:: Exercise prompt ::
Below is a listing. Return the lines from the one that contains "Конец ужина. Еда" to the one that contains "FANFARO TRD-15 SHPD 20W-50", both ends included, verbatim and with no pictures.

:: Records supplied ::
* * *

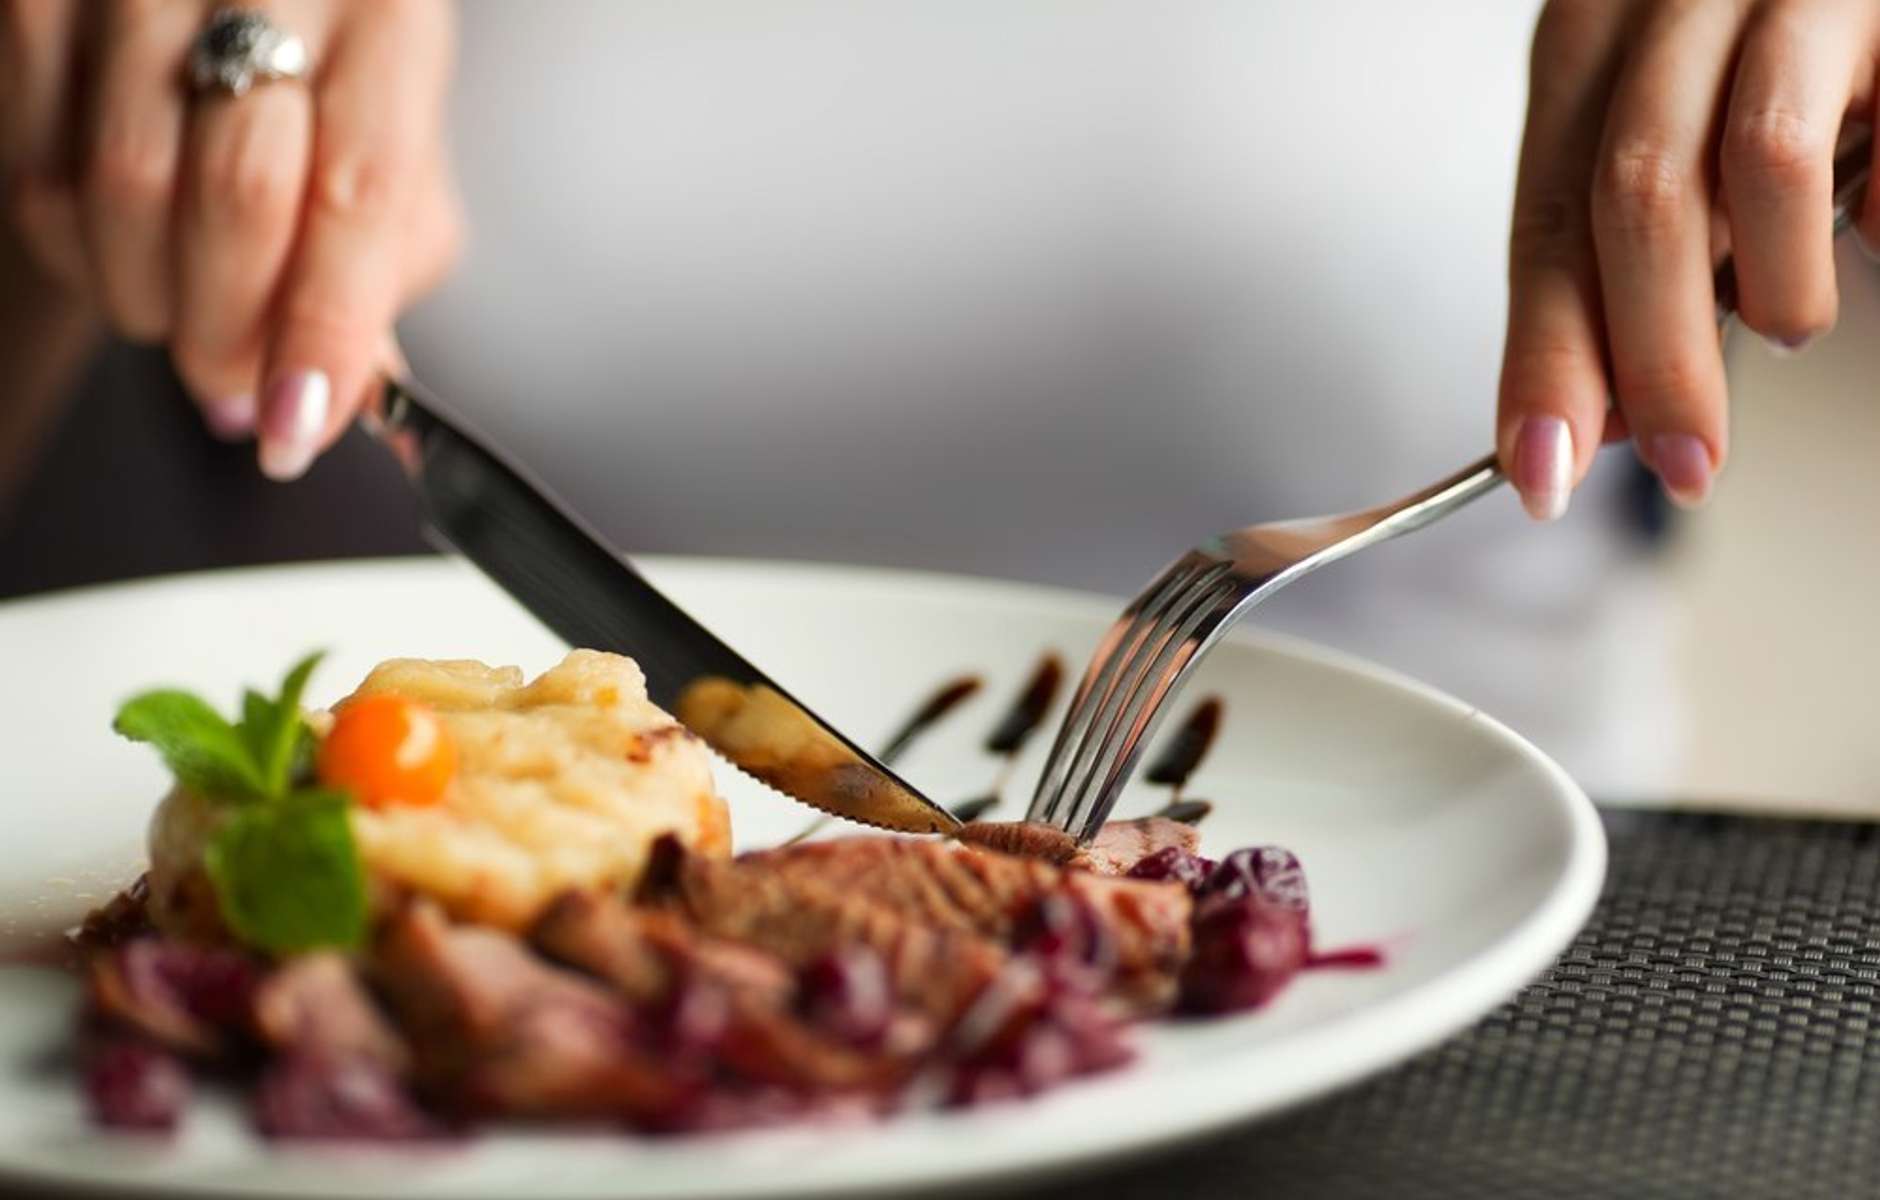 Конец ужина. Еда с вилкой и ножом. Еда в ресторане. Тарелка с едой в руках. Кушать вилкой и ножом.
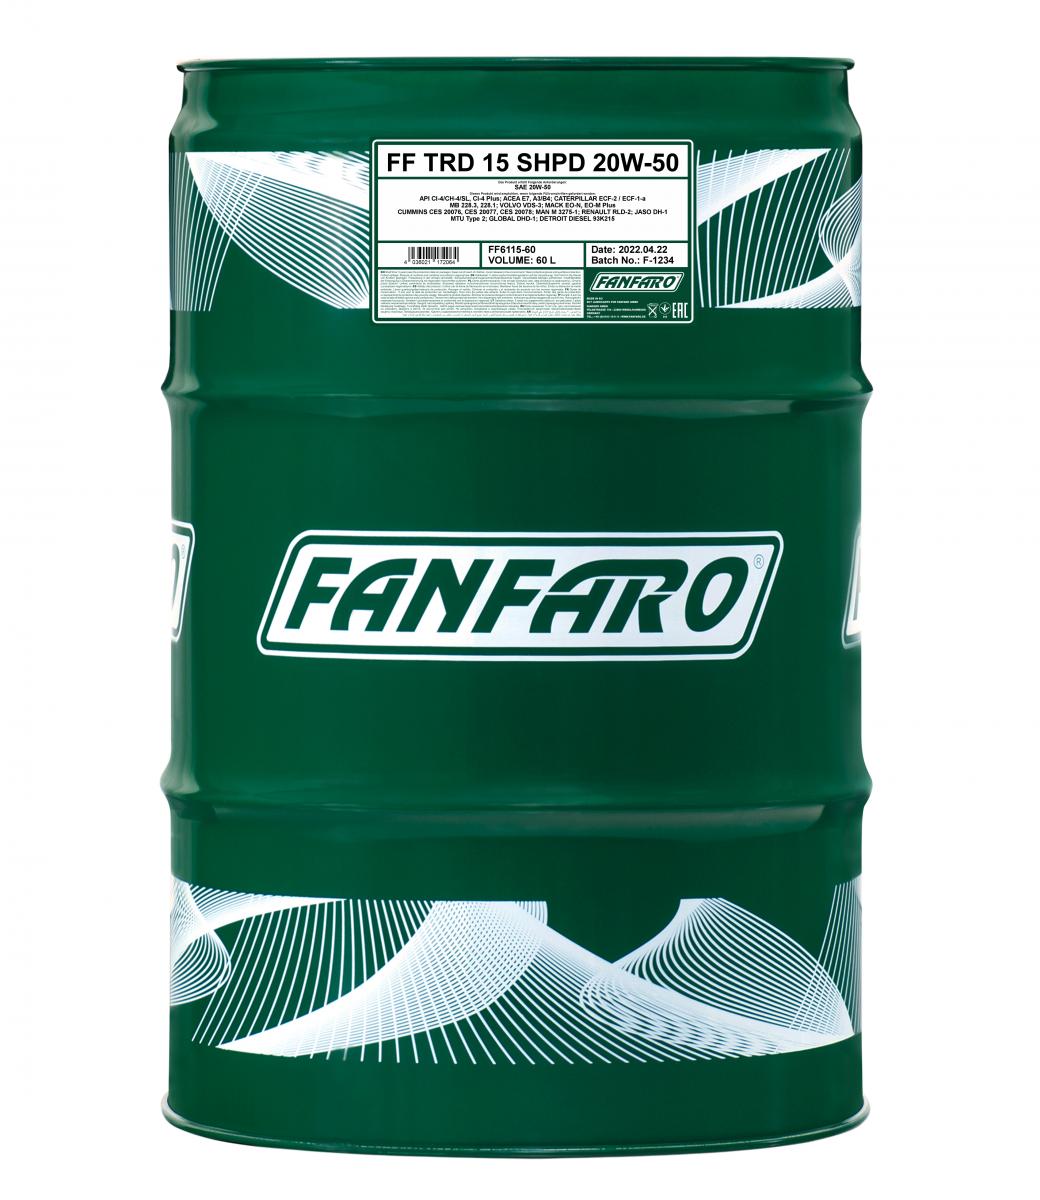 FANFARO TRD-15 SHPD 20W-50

* * *

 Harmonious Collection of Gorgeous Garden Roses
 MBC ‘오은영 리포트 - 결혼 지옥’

* * *

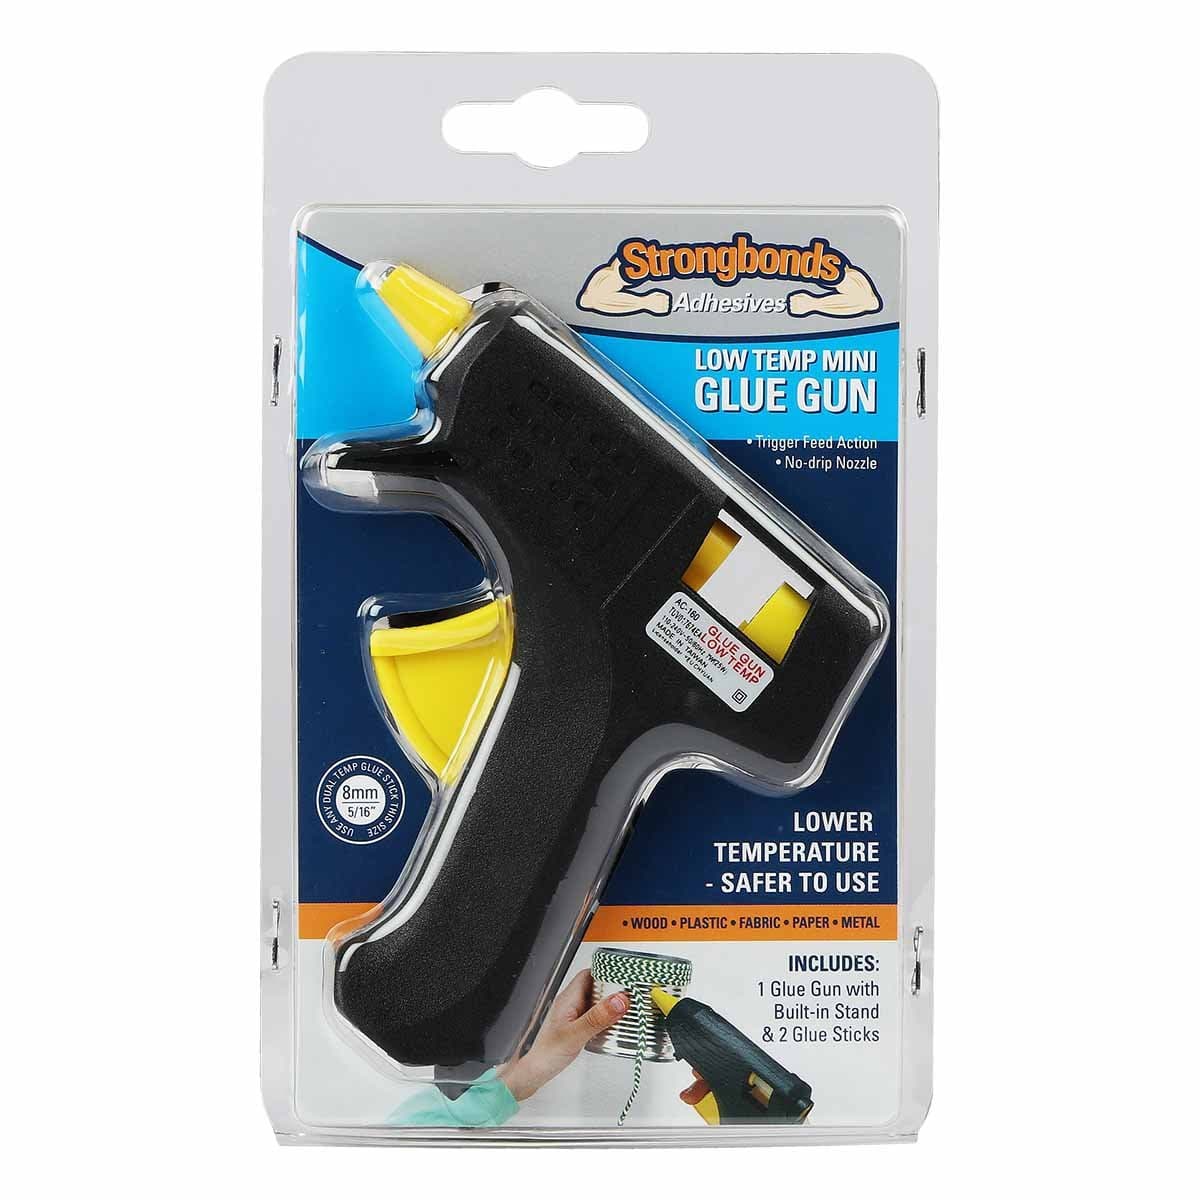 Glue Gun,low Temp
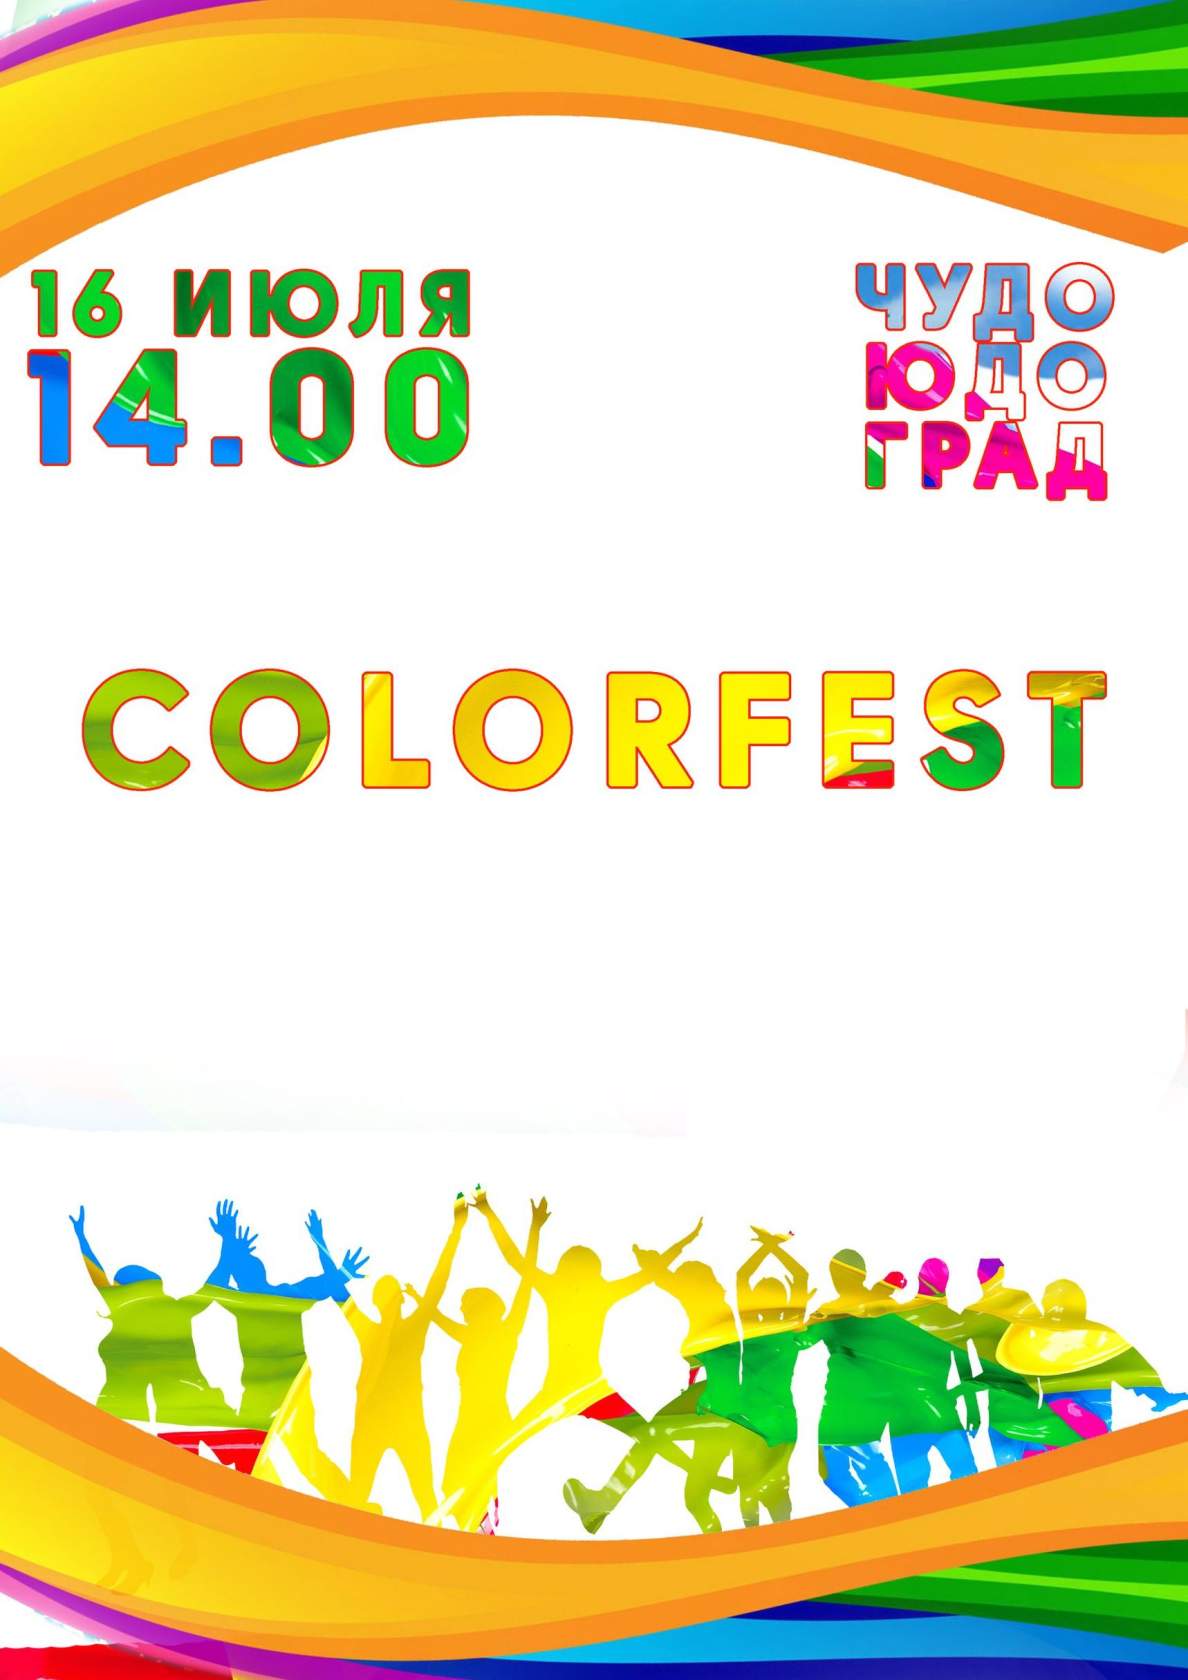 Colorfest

* * *

:: Reply ::
 Конец ужина. Еда с вилкой и ножом. Еда в ресторане. Тарелка с едой в руках. Кушать вилкой и ножом.
 FANFARO TRD-15 SHPD 20W-50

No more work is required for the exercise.